Never Wear White, Susan Darlington
Alien Buddha Press, £8.45 2022
Disconcerting
What is noticeable about these poems is how disconcerting they are; or more accurately, how disconcerting I found them. At first, I thought it was because I disagreed so vehemently with Susan Darlington that ‘The art of childlessness / is a matter of semantics.’ I disagreed that it is ‘not about being child-less’ and
It’s not about being less of anything.
It’s about being child-free.
Free to spend time dancing
until the heart-light dawn.
Finding your own rhythms
that are giddy, raw and real,
knowing that no matter what,
alone, you are complete.
[‘The Art Of Childlessness’]
I am a childless person and I especially disagreed with the final couplet.
Then I disagreed again with the same statement of sentiment at the end of ‘Blue Line’, a poem in which the pregnancy test refused to show a positive result. The line grew longer each month
until it stretched
across the Atlantic
and you followed it home.
The line of vapour
broke apart; faded
into an azure sky
releasing the knowledge
that alone
I was enough.
[‘Blue Line’]
Then I noticed that — while the poems both end with much the same statement — the pronouns were different. Now I realised that what was disconcerting me was the way Susan Darlington’s, calm, non-judgemental statements were making me face my own truths and limitations. Yes, you … and you … and you … may be complete alone, but no, I am not — for all kinds of reasons.

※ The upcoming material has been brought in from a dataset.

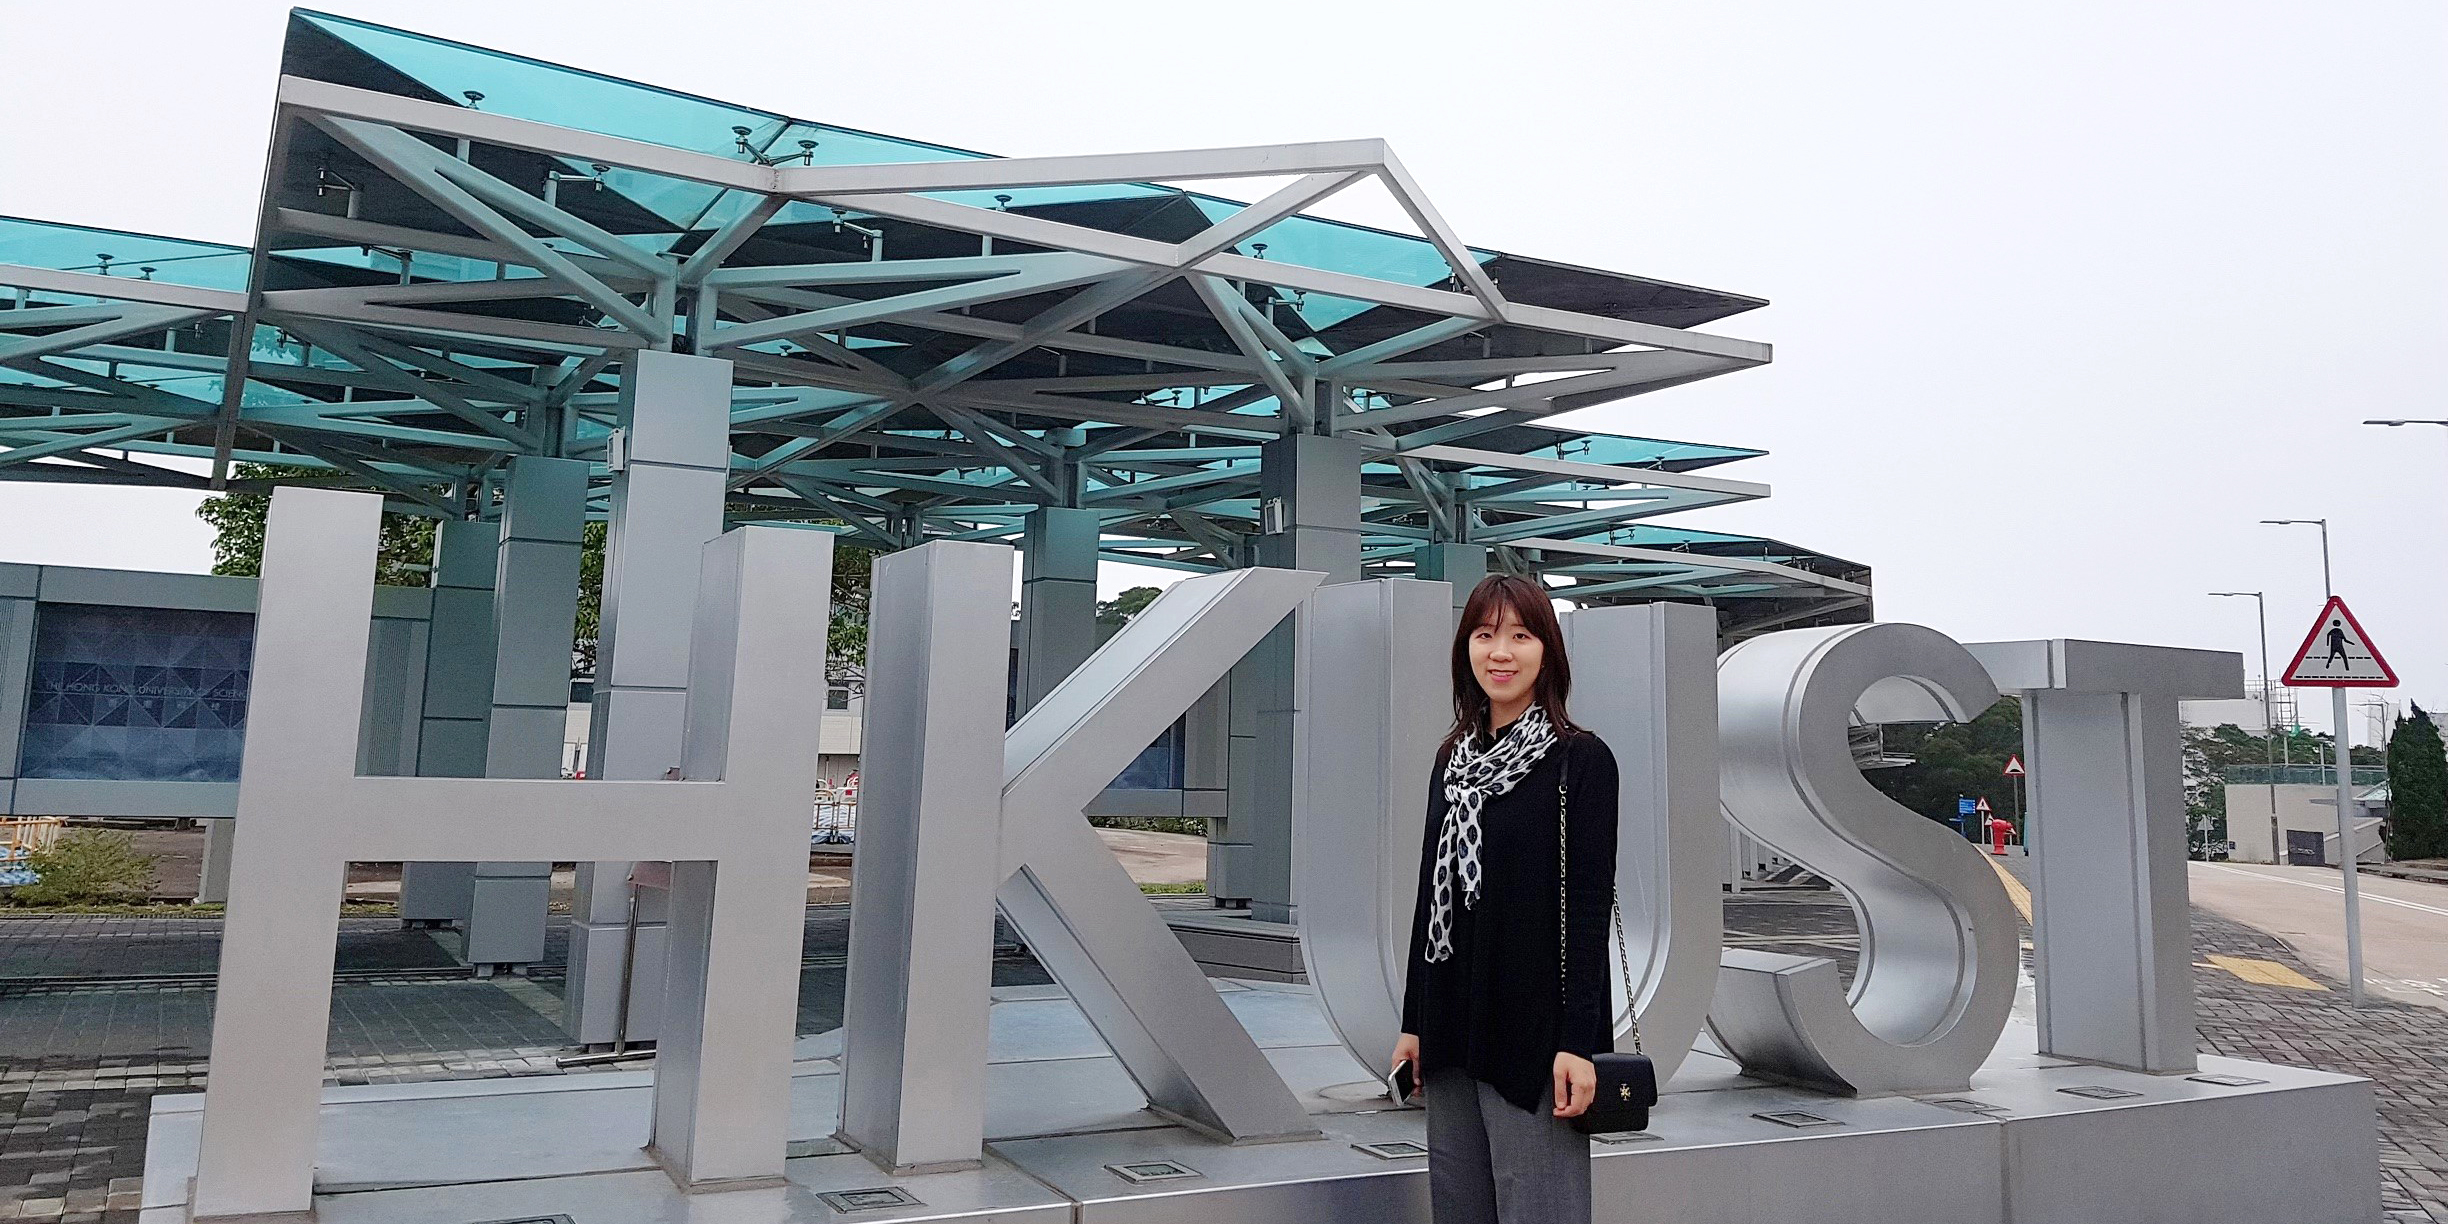 Dr. Gloria Hyunjung KWAK is currently Postdoctoral Fellow of the Harvard Medical School and Massachusetts General Hospital in the United States, upon PhD graduation at HKUST.

The same two pronouns appear again at the end of another poem, ‘Sarah’ which is about being ‘friends of convenience’:
And I wish you were here so that I could say sorry
I never really knew you and that after we drifted apart
I barely even noticed your absence until now.
[‘Sarah’]
Again, the closing sentiment is about absence, and again, I was disconcerted. Disconcerted by the absence of a ‘you’, from whom I have also drifted apart and to whom I wish I could say, ‘Sorry’, and ‘Every day I notice you are absent’.